Sometimes – most of the time – I don’t sleep at night. And when I want to lay down, I don’t want do it in Our Bed.
I will turn from one side, turn to the other. My leg, sometimes, won’t stop kicking in its atavistic beat into the sheets. And I don’t want to wake her up. She has far more important things to do during her day than I do.
In fact, she helps people.
She makes sure patients get medicine.
Talk with them about their COVID-19 test results, and what to do if the test is POSITIVE. She is a busy lady. A lady that needs her sleep. A lady that should not have to deal with a much larger, thrashing body beside her in bed.
Something that has amazed me about my time going to sleep now as compared to the past: my mind is no longer racing the thoughts of what I do not have, and what I need & desire.
Could it be I HAVE everything that I thought I wanted? Surely not. But it is starting to feel that way. I have everything I NEED. That is covered. And she made sure I was taken care of by the second night we were together.
Am I being spoiled?
Of course I am.
And I am trying to get used to the whole idea that I don’t have to worry so much anymore. To not have to worry about food & a home & commitment is something that should be slipped into softly.

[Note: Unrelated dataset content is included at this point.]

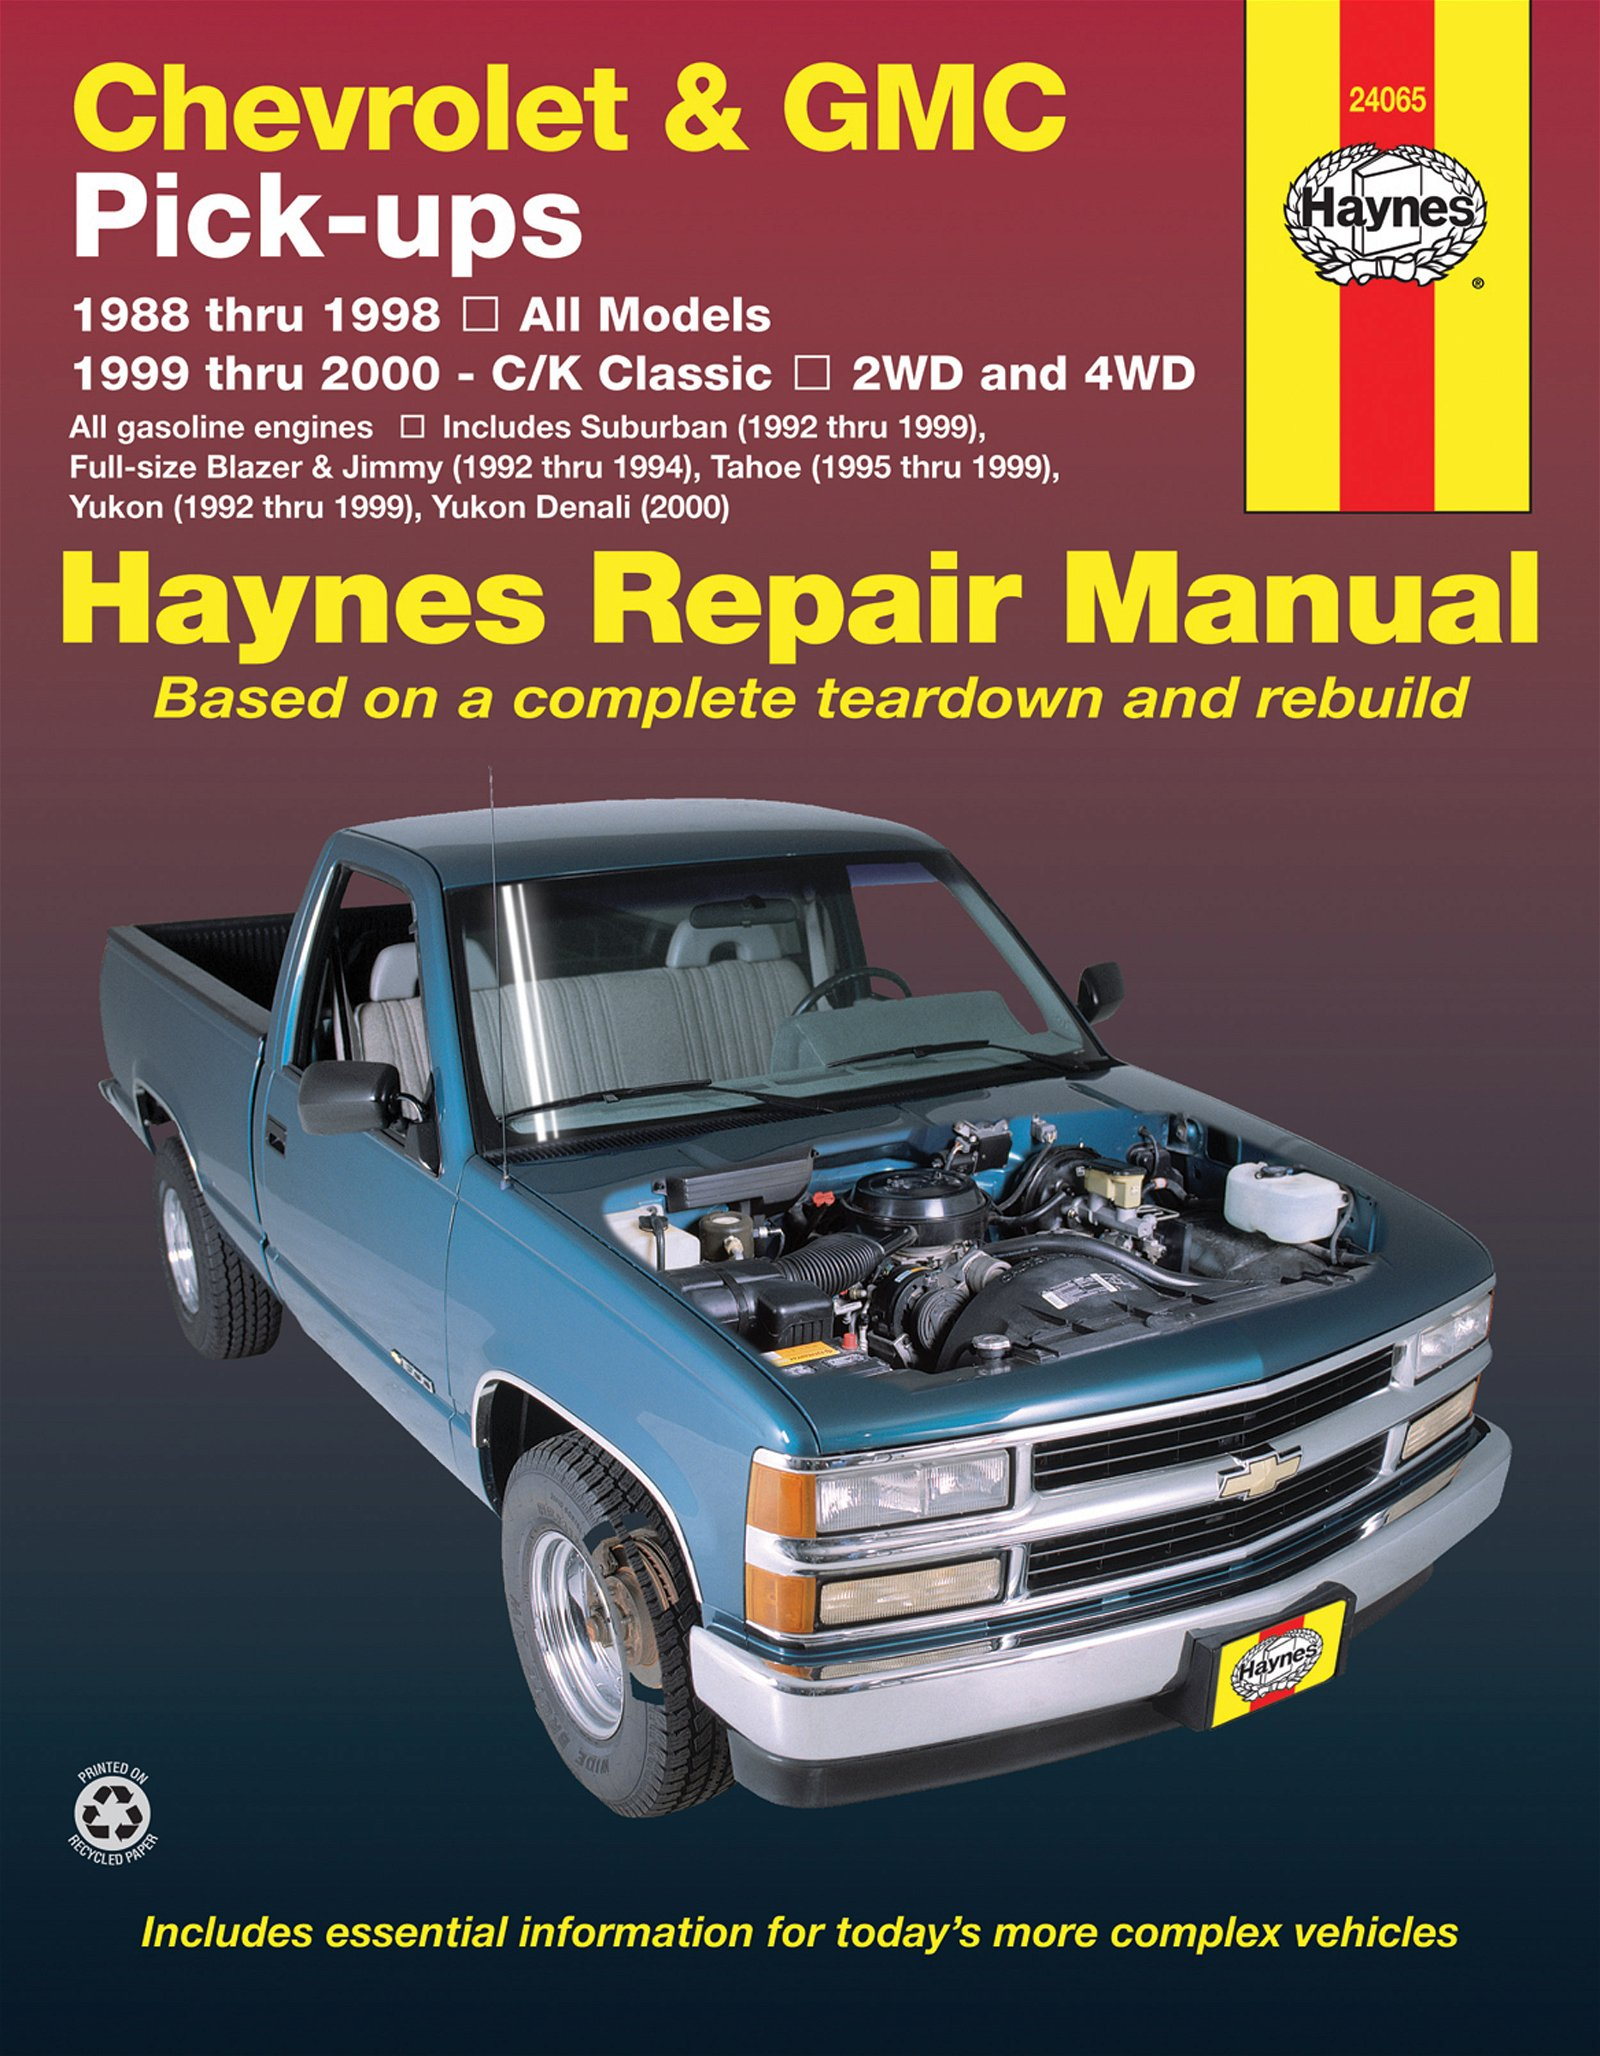 [Manuel US en Anglais] Chevrolet & GMC Pick-ups, 2WD  & 4WD  '88 -  '00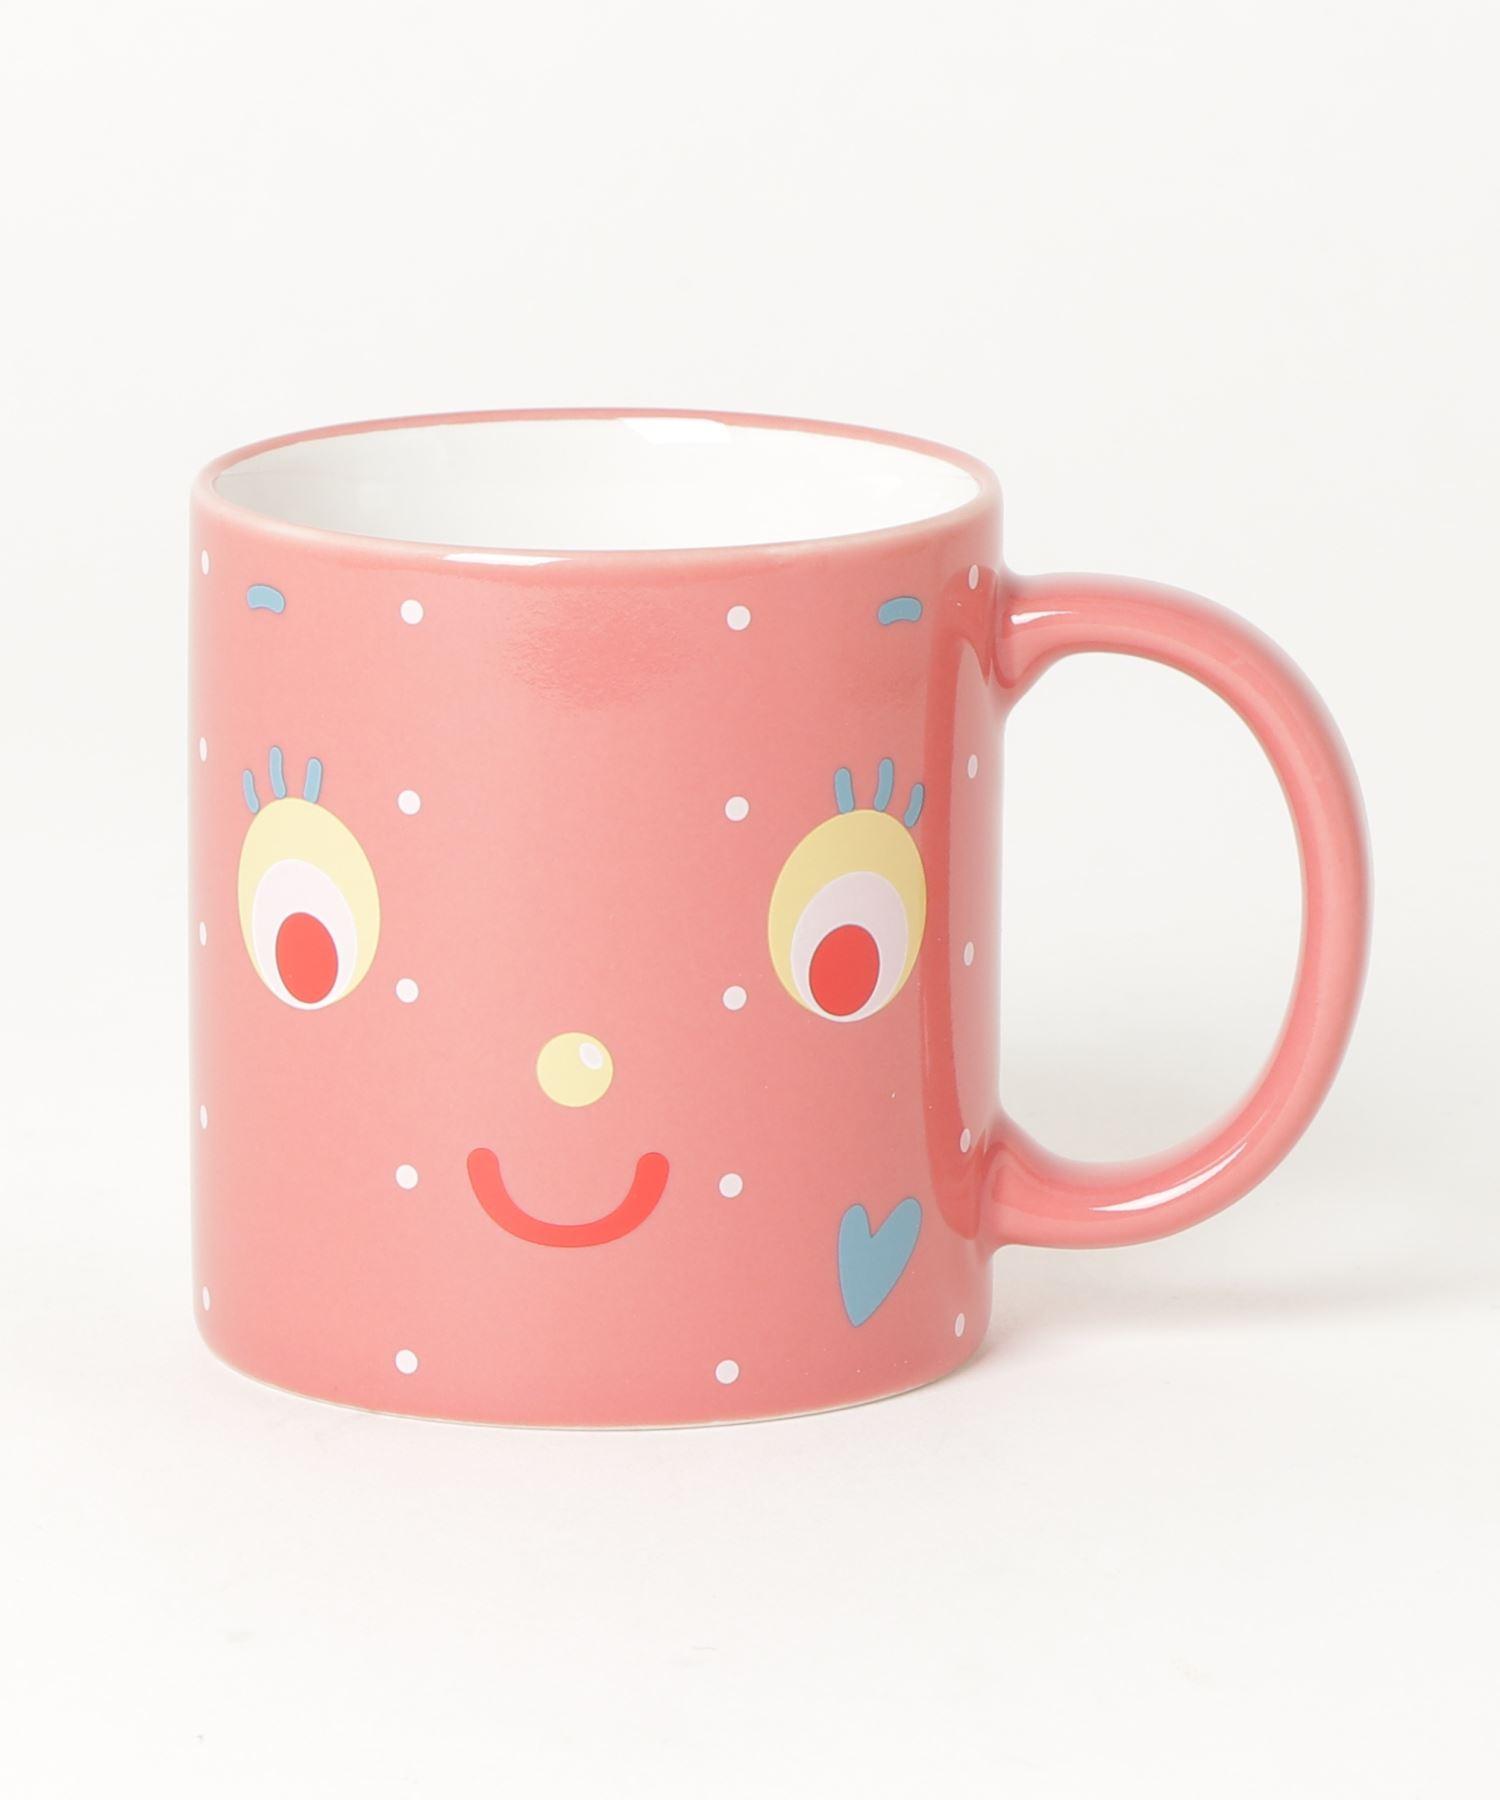 CREAM SODA マグカップ

She is in the bed, now. Dreaming the dream of dreams, I hope. Smelling warm & clean & lady-like. Because that is what she is: A Special Southern Lady. One that helps people, is compassionate, loving of animals (I think her BIG secret is loving the dogs more than she loves people.)
And she came for me.
Drove all the way to the terrible side of East Cleveland to retrieve me.
Why did she do such a self-indulgent, dangerous thing? Well, because she WANTED to, that’s why. Because she wanted me out of Cleveland, and be by her side. She wanted help with the farm (which I am gladly doing) she wanted companionship.
Why not give it to her?
But, no matter how hard I try, I need MY time in the DARK. My time writing on this blog has become very important.
Hell, I am writing again. I’m writing in a way – in a fashion – I am not used to… but have come to terms that this is how I should write.
And that is something I do better at while the world is asleep; while the dogs are snoring in the bed with My Lady & all feels safe & good in the house.